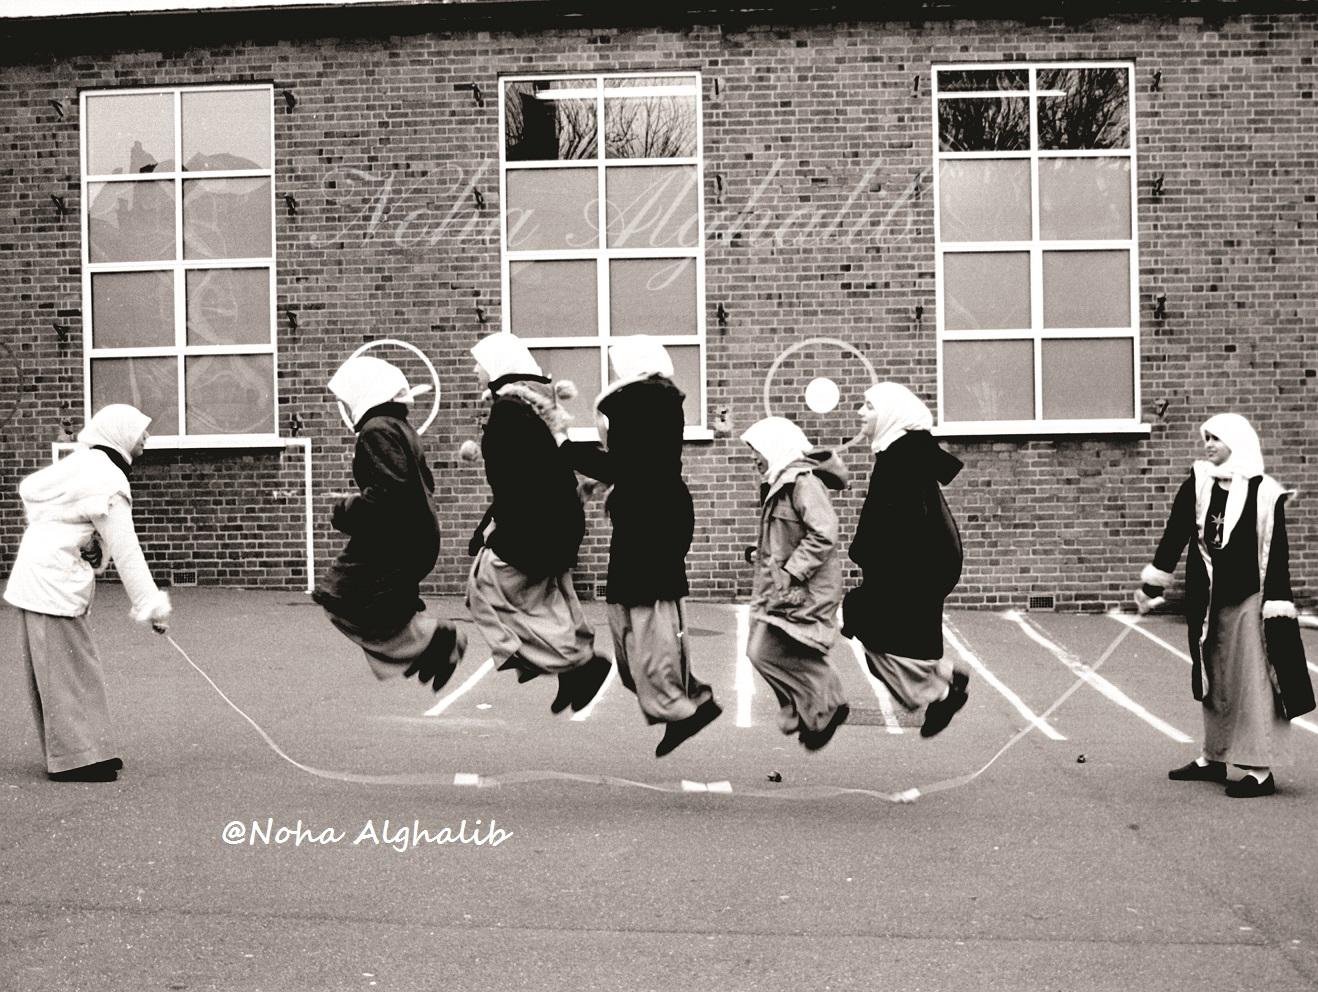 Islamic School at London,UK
__________
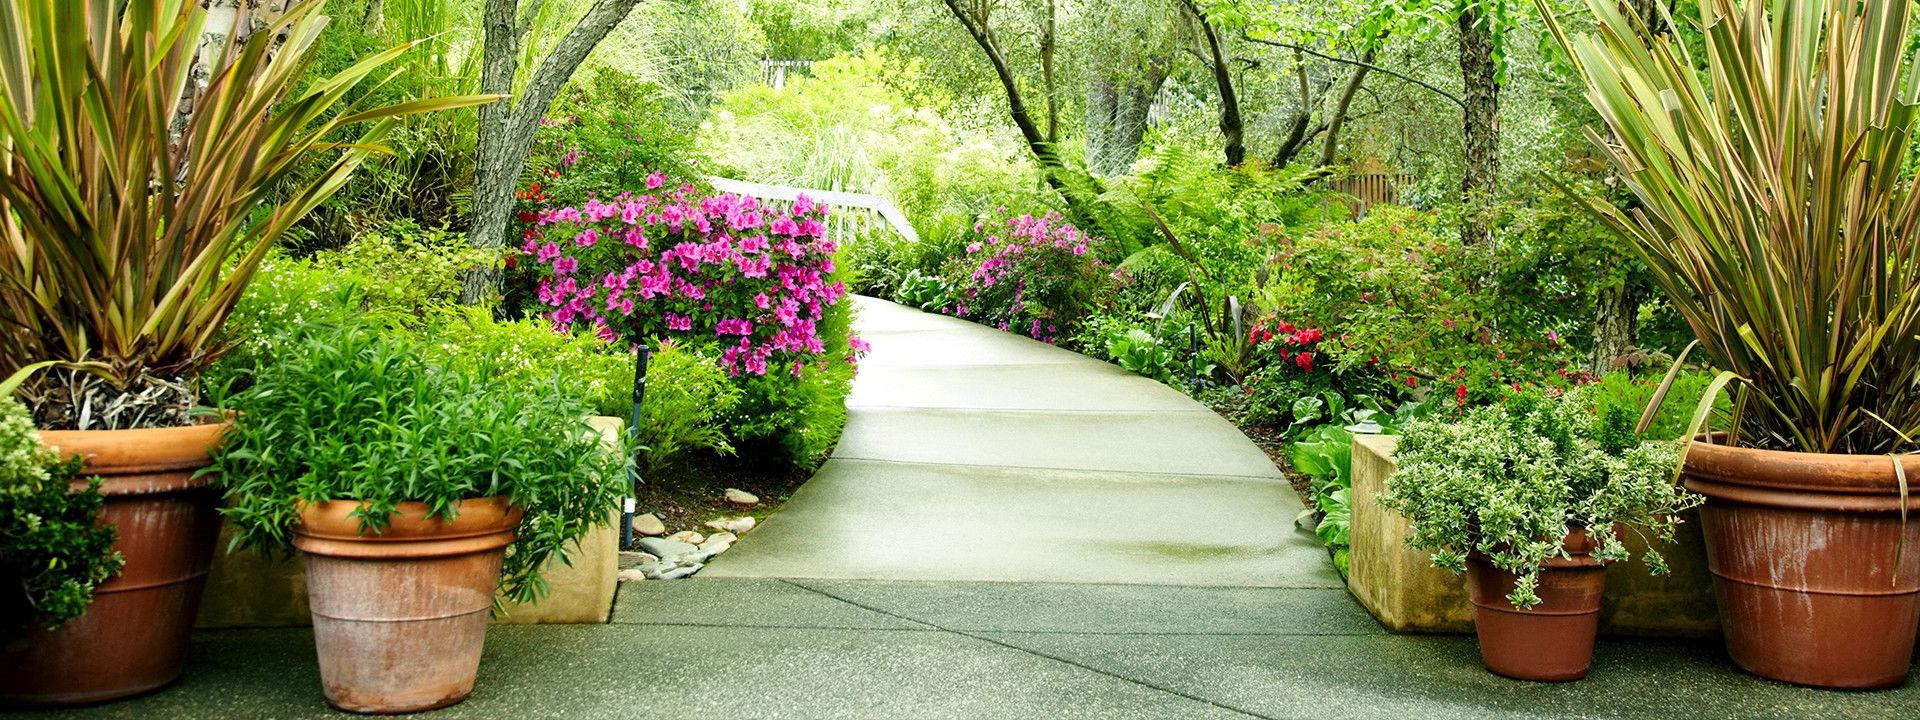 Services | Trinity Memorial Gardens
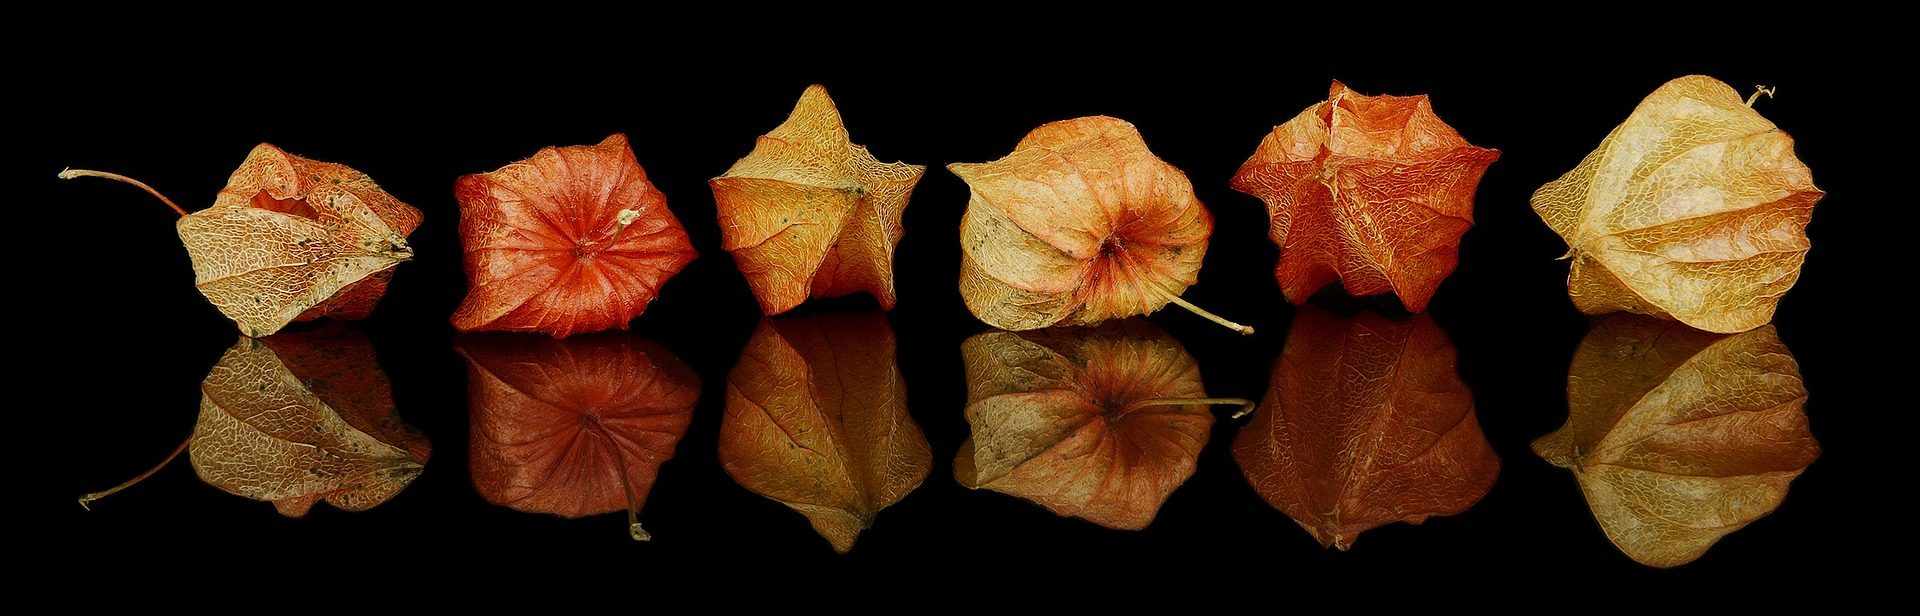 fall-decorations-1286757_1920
__________
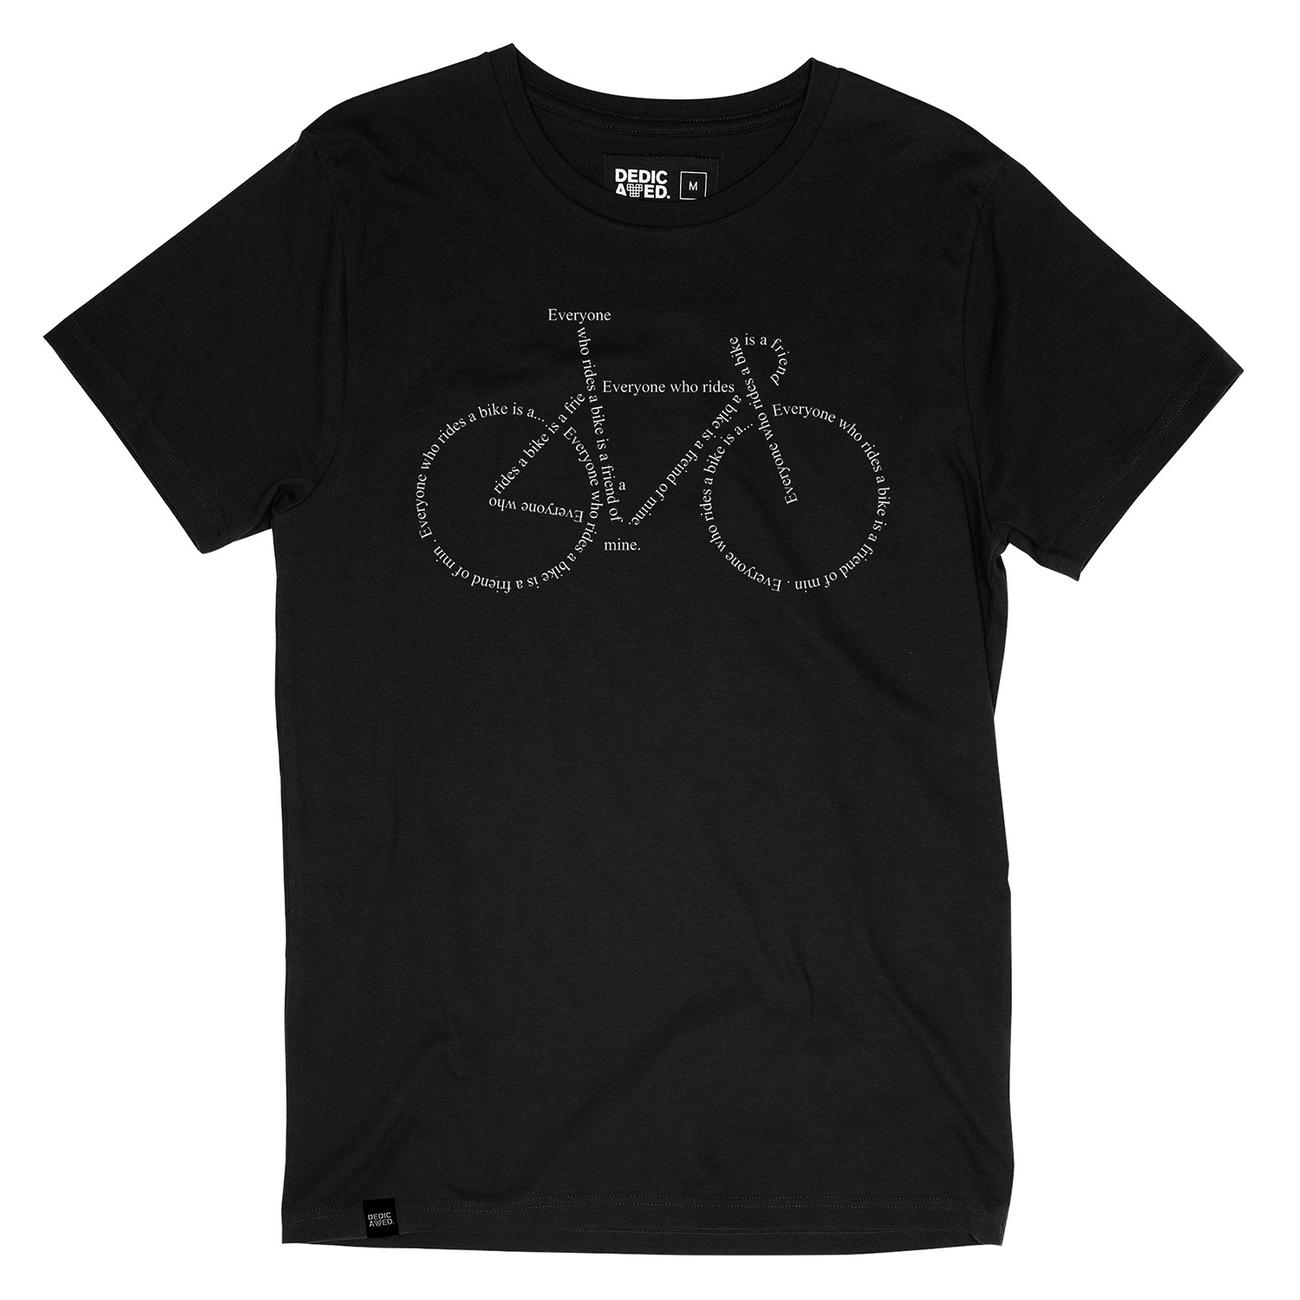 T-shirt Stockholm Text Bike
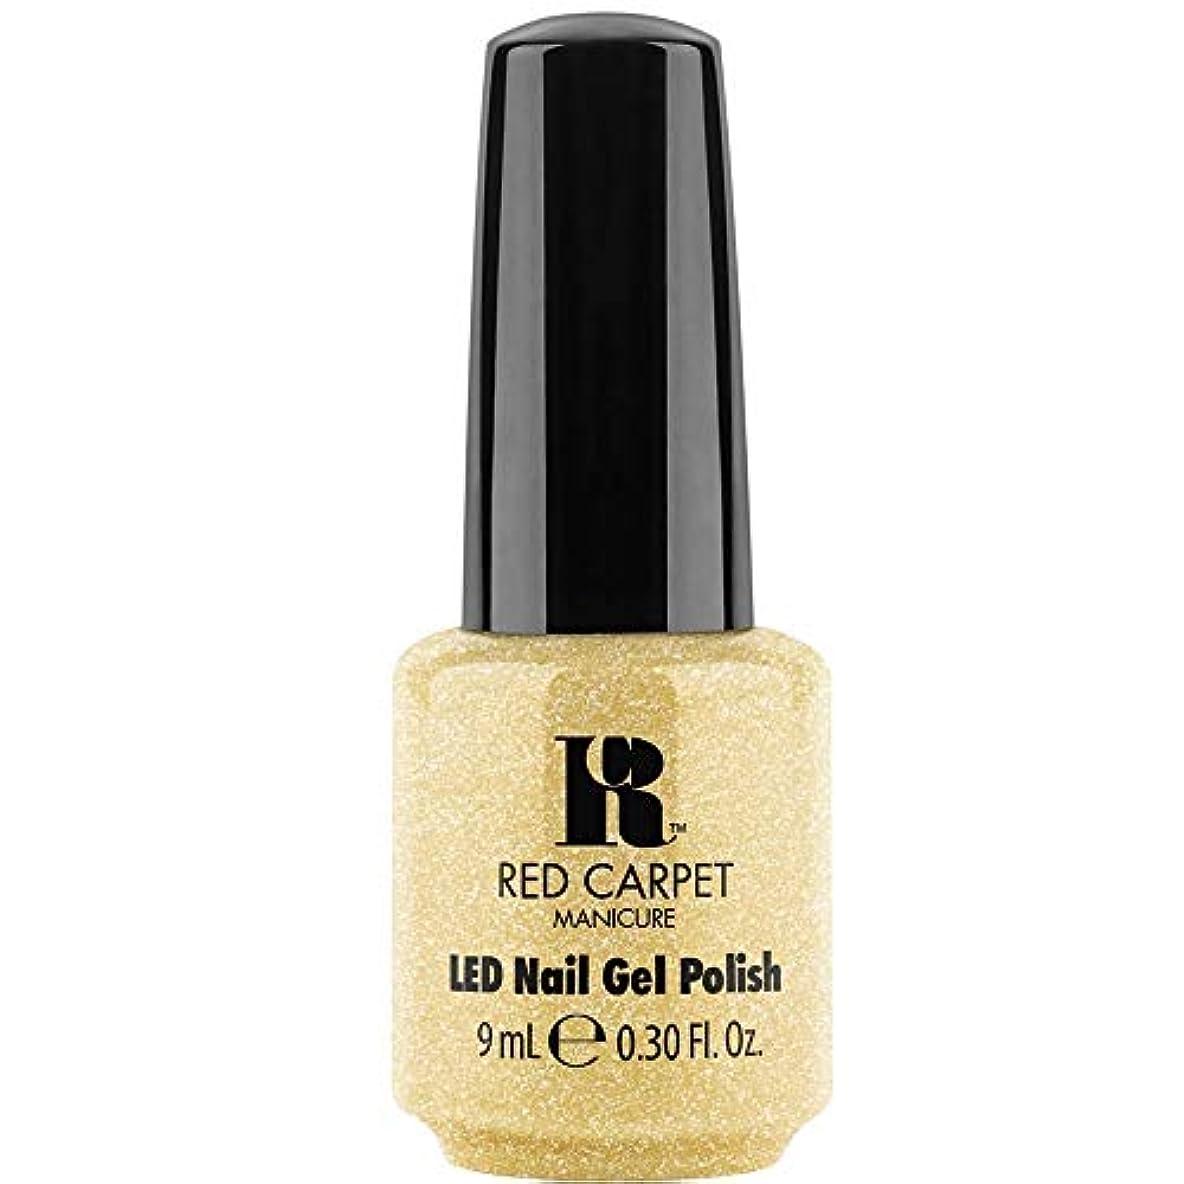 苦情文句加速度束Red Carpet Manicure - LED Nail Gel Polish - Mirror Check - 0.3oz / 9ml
__________
- _What you need to do_:
Using the entries above, write out exactly the lines from the one with "T-shirt Stockholm Text Bike" through the one with "苦情文句加速度束Red Carpet Manicure", ends included. Leave out any pictures.

- _Result of this exercise_:
 T-shirt Stockholm Text Bike
 苦情文句加速度束Red Carpet Manicure - LED Nail Gel Polish - Mirror Check - 0.3oz / 9ml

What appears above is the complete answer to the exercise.